- [WORK TASK]
Starting at the first line of the data and ending at the line with "กริยา 3 ช่อง", copy each line exactly. Include both of those lines, but no pictures.

- [EXERCISE DATA]
────────
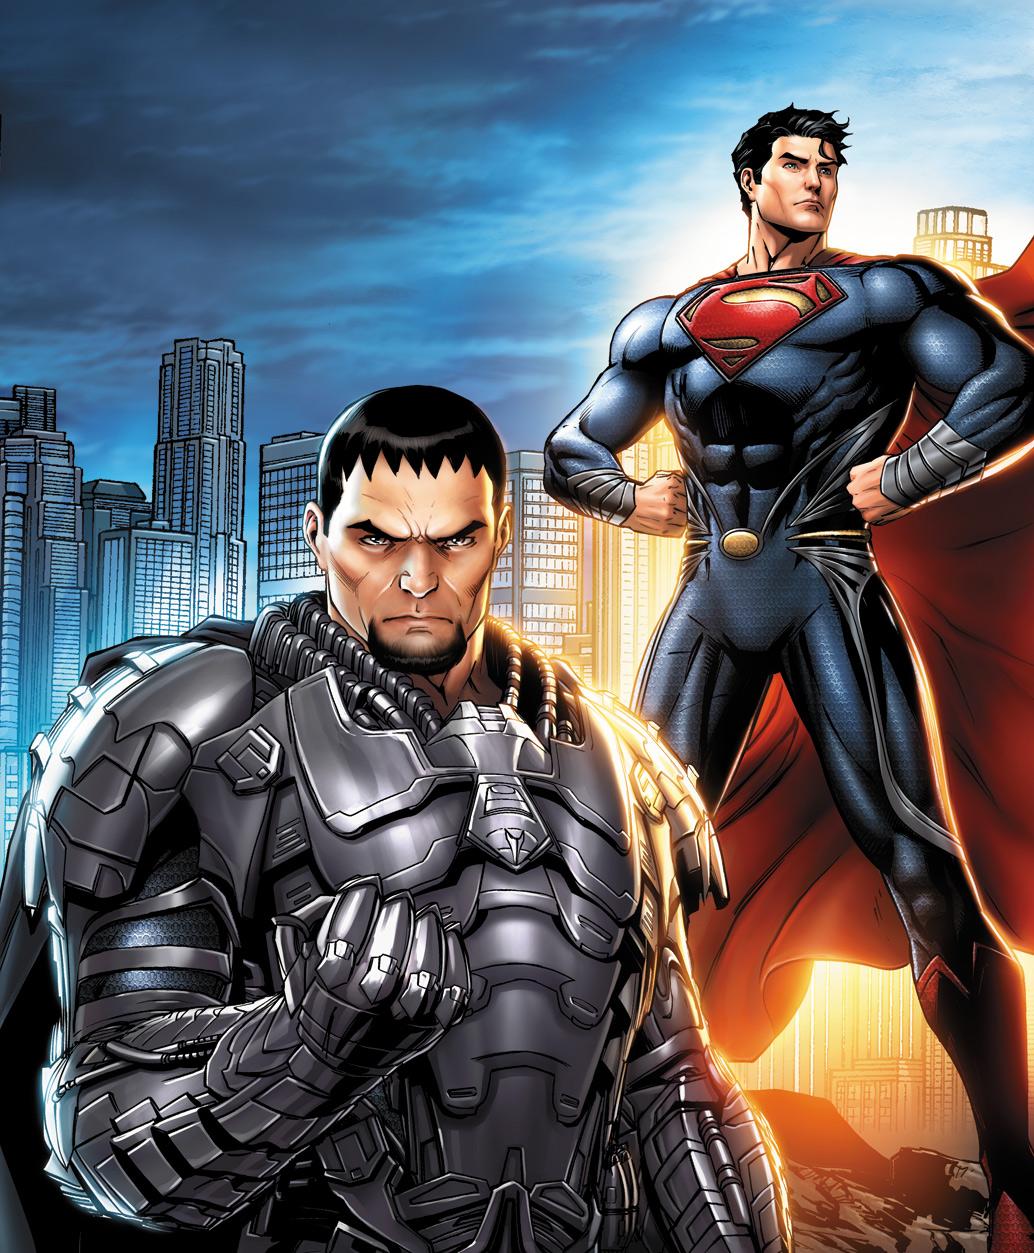 Man of Steel: Friends/Foes by JPRart
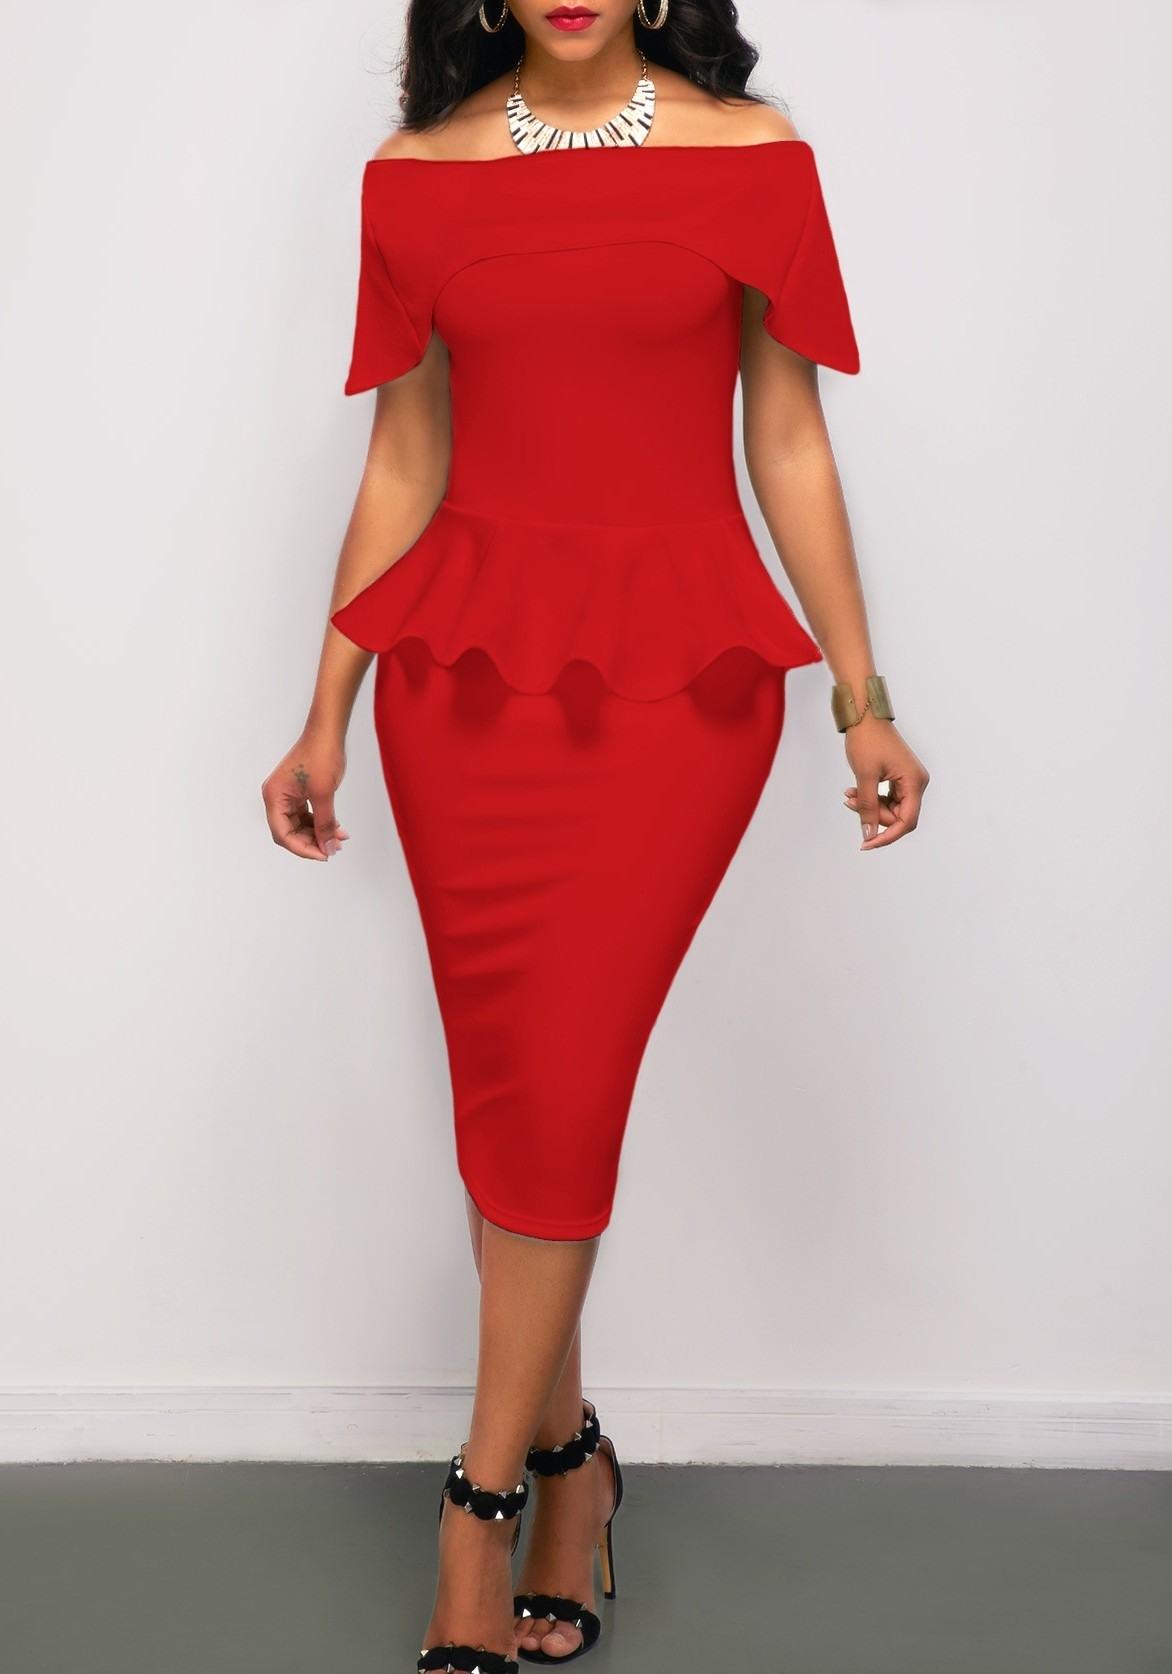 Abend Genial Rotes Enges Kleid Bester Preis10 Luxurius Rotes Enges Kleid Spezialgebiet
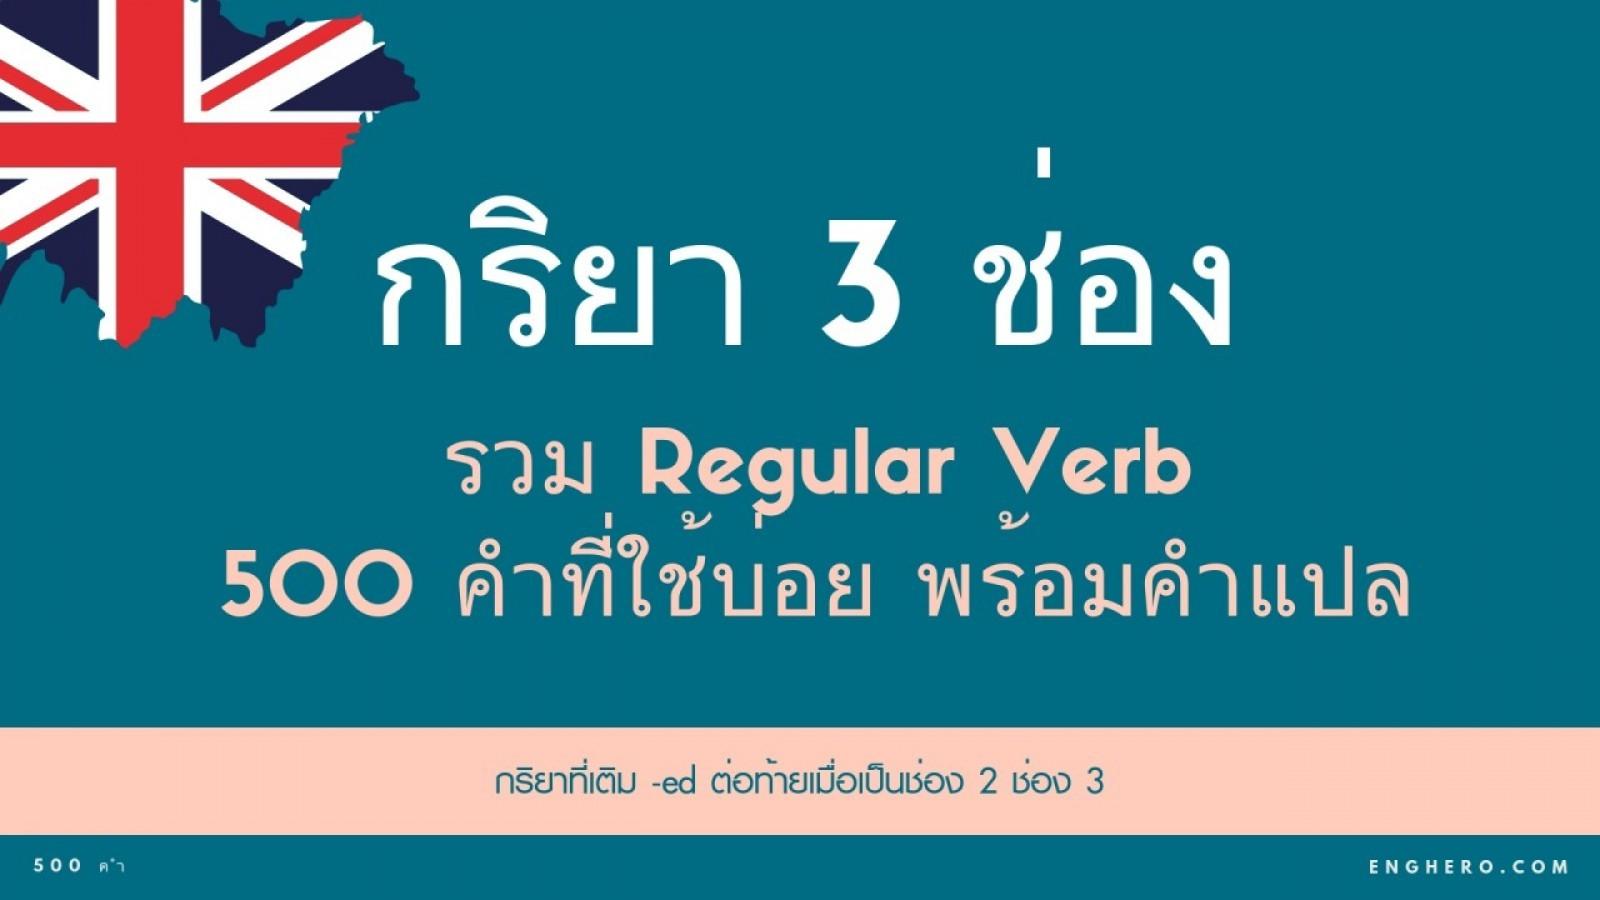 กริยา 3 ช่อง 500 คำที่ใช้บ่อย พร้อมคำแปล - หมวด Regular Verbs
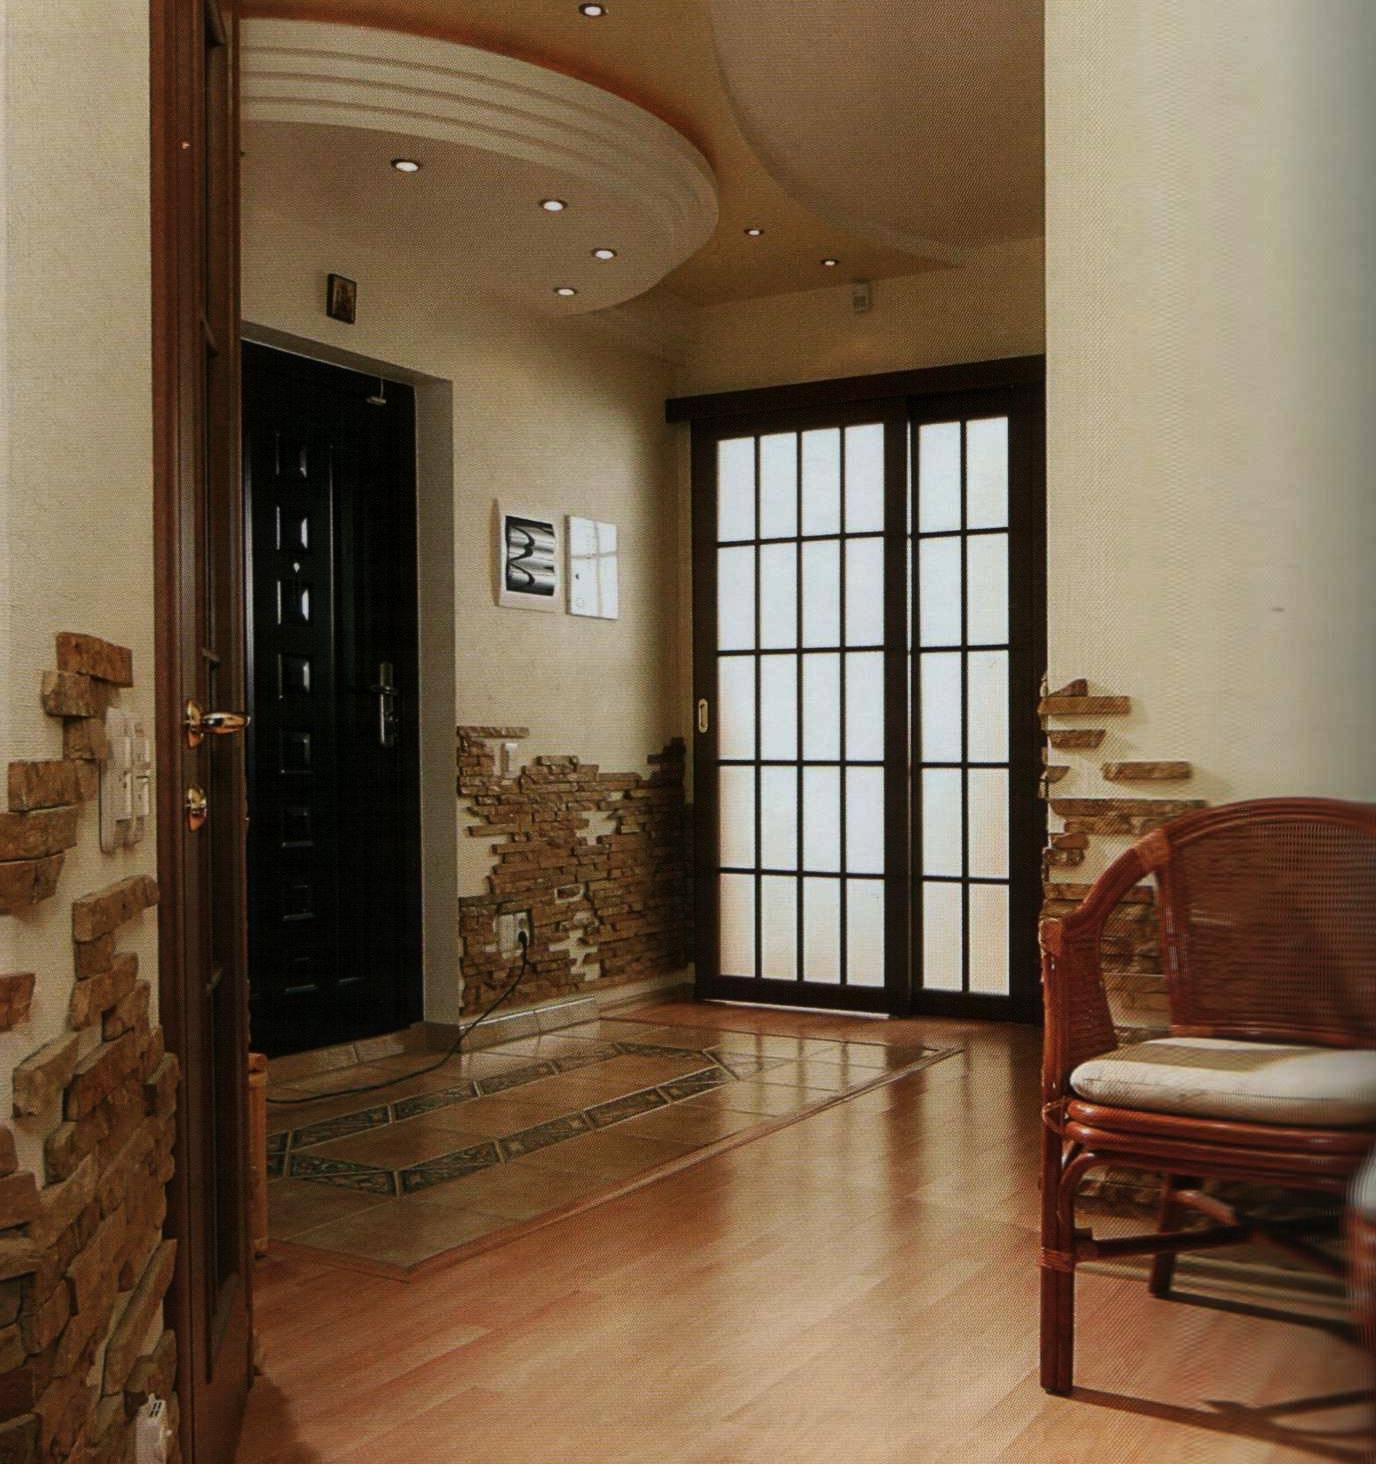 Декоративная отделка стен - применение внутренней штукатурки в дизайне интерьера (115 фото и видео)
────────
- [ANSWER SECTION]
 Man of Steel: Friends/Foes by JPRart
 Abend Genial Rotes Enges Kleid Bester Preis10 Luxurius Rotes Enges Kleid Spezialgebiet
 กริยา 3 ช่อง 500 คำที่ใช้บ่อย พร้อมคำแปล - หมวด Regular Verbs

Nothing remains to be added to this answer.